To fit within the storage limitations of the Analytical Engine, arrays are
'packed' by storing five real numbers in each register. Since an Analytical
Engine register can store a 50-digit (signed) integer, this allows 10 digits
(each unsigned) for each real number:

    aaaaaaaaaa bbbbbbbbbb cccccccccc dddddddddd eeeeeeeeee

We store a real number x as int((50 + x) * (10 ^ 8)), allowing us to store
numbers with 8 decimal places of precision. The admissible range for packed
real numbers is thus [-50.00000000, 49.99999999], which is more than adequate
for our purposes. Additional shifts are thus required for converting between
packed (8 d.p.) and unpacked (20 d.p.) representations.

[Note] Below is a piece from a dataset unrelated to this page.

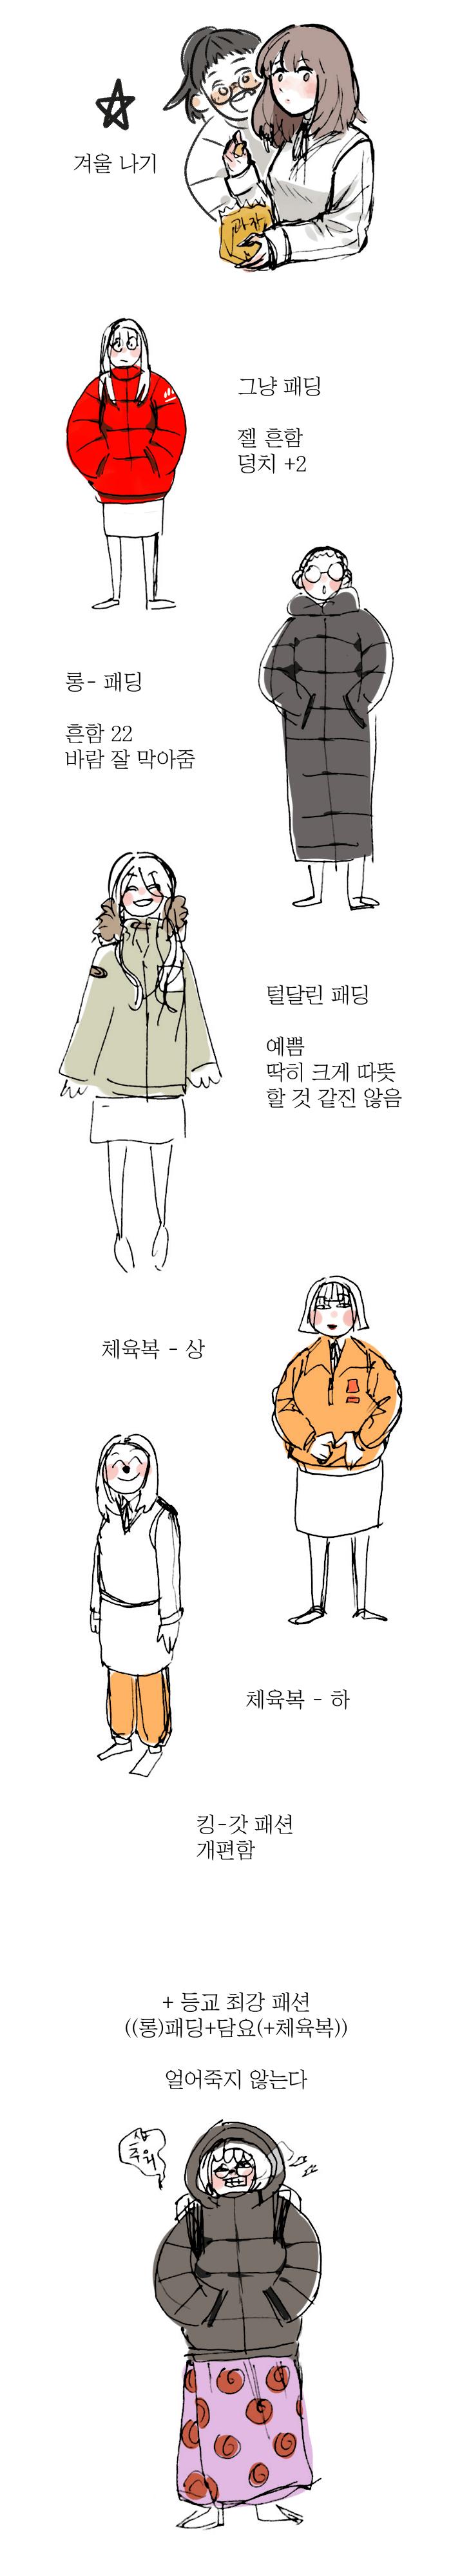 1512781437.png 요즘 여고생 겨울 패션

For our activation function, we use:

    sigma(x) = (x + 2x^3) / (1 + abs(x + 2x^3))

which is a reasonably accurate piecewise-rational approximation to tanh(x).
The need for it being piecewise-rational is that only addition, subtraction,
multiplication and division are allowed operations on the Analytical Engine.
Using a more accurate approximation to tanh(x) does not give any perceptible
improvement, and would be slower to compute.


Code generation
---------------

The Analytical Engine only supports fixed relative jumps, each of which can
be either forward or backward, conditional or unconditional. This makes any
long machine-readable program impossibly unmaintainable and incomprehensible
for humans. Consequently, we place various levels of abstraction between the
abstract neural network and the direct implementation.

The lowest intermediate level of abstraction is support for jumping to named
labels. The scripts `goto2cc.py` replaces jumps such as:

    jmp mainloop

and

    cjmp error_handler

to labels declared (betwixt a period and a colon) in the following manner:

    .error_handler:

with an equivalent combinatorial card (http://fourmilab.ch/babbage/cards.html)
such as CB?73. This removes the need to track line numbers manually.

Additionally, `jsr2goto.py` implements a call-stack (in registers R014 through
R029) to facilitate nested subroutine calls and returns. Since combinatorial
cards have fixed destinations, the script generates huge binary trees of
branches to implement the `ret` (return) instruction.

Despite its name, `jsr2goto.py` also translates other instructions, such as
memcpy, and expands **single** arithmetic instructions such as:

    R001 = R002 * R003

to the equivalent sequence of operation and variable cards:

    *
    L002
    L003
    S001

Moreover, either one of the input operands is allowed to be a literal:

    R007 = R007 + 15

in which case the constant 15 is loaded onto the register R001 by means of a
number card. Consequently, any use of this instruction will destroy the value
register R001; in general, it is safest to avoid using that register.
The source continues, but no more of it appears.